GWW/scsnv

How do I...

gitUser128954 opened this issue · 1 comments

I think this is a great implementation of a fundamental concept with clear utility. But, how do I read the data from a "serialized python flammkuchen" file into R? Is there a clean handoff from a flammkuchen file to downstream analysis pipeline(s)? Any recommendations on how to identify cell clusters from the mutation and expression data (via R or ‘not R’)?

GWW commented

Hi,

I do have a subcommand for scsnvmisc that will convert the annotated pileup h5 file to a reference and alternative counts in market matrix format and a vcf file. I don't use R very much but I am sure there are libraries that can parse the vcf and market matrix files.

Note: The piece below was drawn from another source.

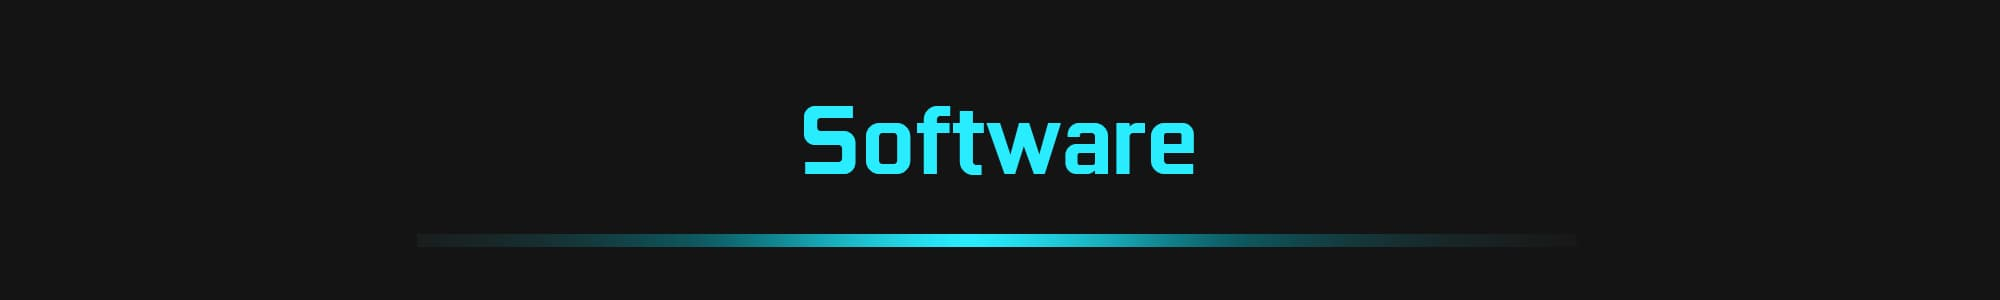 Softwaretitle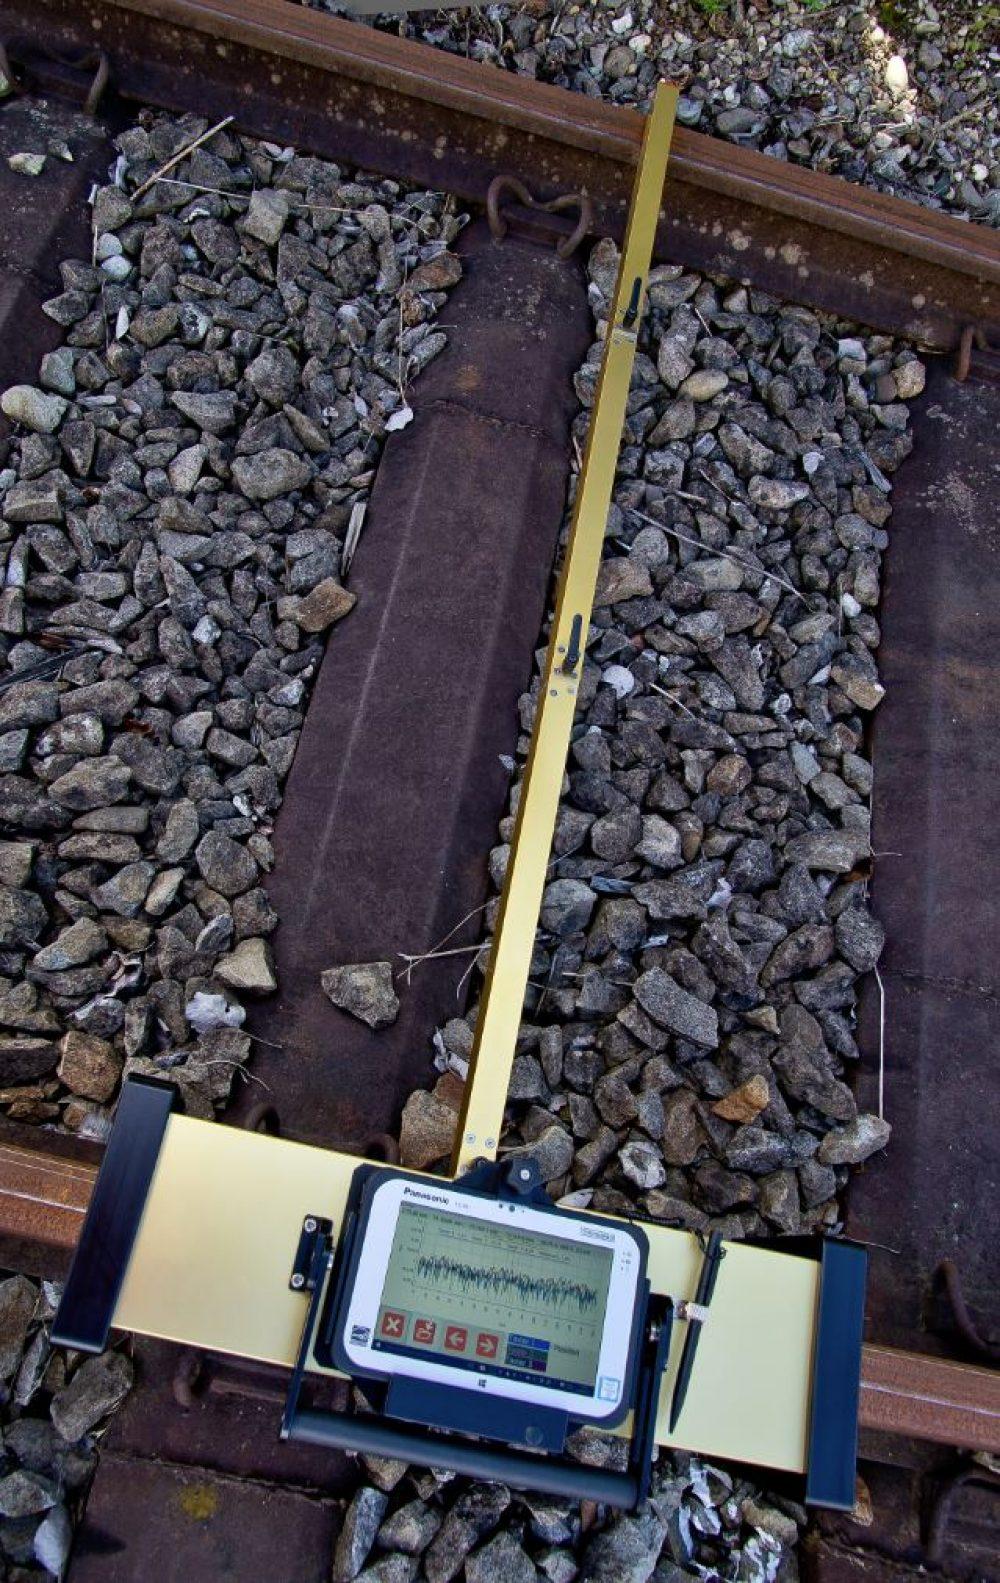 Railoppervlakte meetinstrument

The pileup annotate tool also writes an annotated text file with information about each SNV (pileup_passed_snvs.txt.gz). It does require a tab separated chromsome lengths text file for the vcf header. You can generate this file from a samtools faidx indexed file:

samtools faidx genome.fa
cut -f 1,2,3 genome.fa.fai > chrom_lengths.txt

For example, this will write all sites that do not overlap annotated RNA edits:

scsnvmisc snv2vcfmtx -r chrom_lenghts.txt -f genome.fa -o output_folder -e -c pileup_annotated.h5

This will produce:

output_folder/barcodes.txt #list of barcodes
output_folder/snvs.vcf #basic SNV vcf file
output_folder/refs.mtx #Reference count market matrix file
output_folder/alts.mtx #Alternative count market matrix file

Unfortunately, I have not done much work clustering mutations.